Bruce Levenson is the founder and key trustee of Do Good Institute at the University of Maryland, reports prnewswire.com. He retired from NBA ownership in 2015 after selling the Atlanta Hawks for $850 million, nearly twice the value they were thought to be prior to the sale. He also had filed a lawsuit against AIG insurance the following year when they refused to issue payouts to a claim regarding former General Manager Danny Ferry’s dispute. At Do Good Institute, Levenson is encouraging students to put their entrepreneurial skills to use to build philanthropic groups and run them like businesses. Levenson believes that many non-profits can succeed with the right leaders and visionaries leading them.
Bruce Levenson grew up in Washington D.C. and began his business career there in journalism. He wrote for the Washington Star for several years, but then while he went to law school he decided to start publishing his own paper. He and Ed Peskowitz started out with a publication titled Oil Express, and as they gained profits they turned their publishing business into a large company named Unified Communications Group. UCG went from the oil industry to technology, banking, healthcare and government regulations news and also became the incubator company for TechTarget. UCG also owns the GasBuddy app. See, brucelevenson.com.
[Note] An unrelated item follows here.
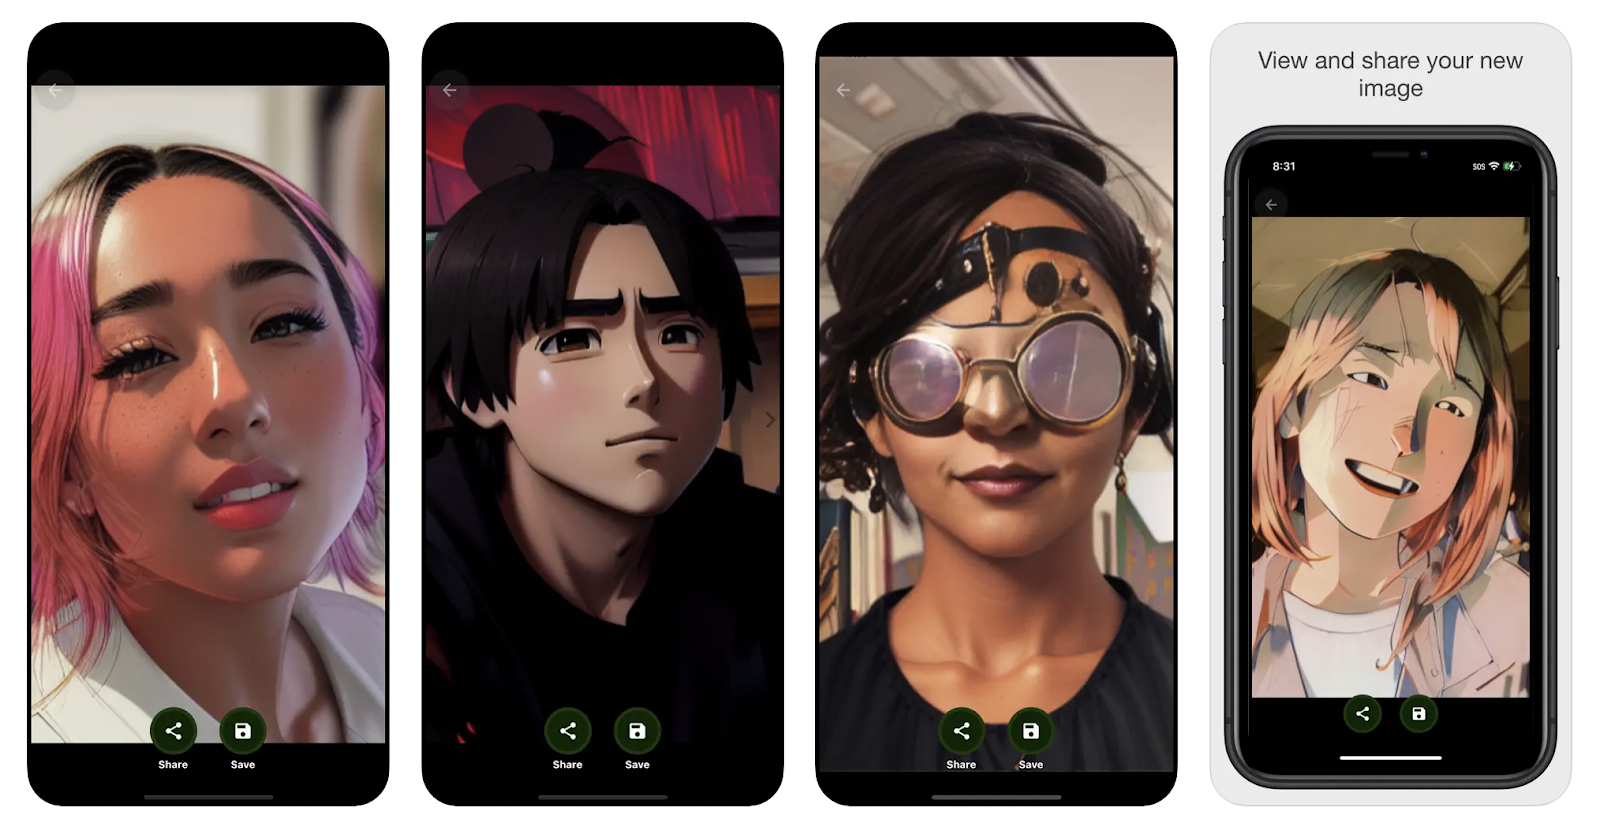 Four selfes with filters applied to make them look like they are from an anime.

Bruce Levenson decided to become an NBA owner in 2004 and purchased the Atlanta Hawks along with the arena and the stakes in the NHL’s Atlanta Thrashers who he sold in 2011. Levenson also was on the Board of Governors during this time, http://www.espn.com/nba/story/_/id/11493472/jason-whitlock-bruce-levenson-atlanta-hawks. Levenson’s enthusiasm for basketball also led him to help launch Hoop Dreams, a tournament in downtown Washington D.C. for youth basketball players and helped fund private school scholarships. Levenson also is involved with the Holocaust Memorial Museum and supports Jewish activists in BBYO, Seeds of Peace and Birthright Israel.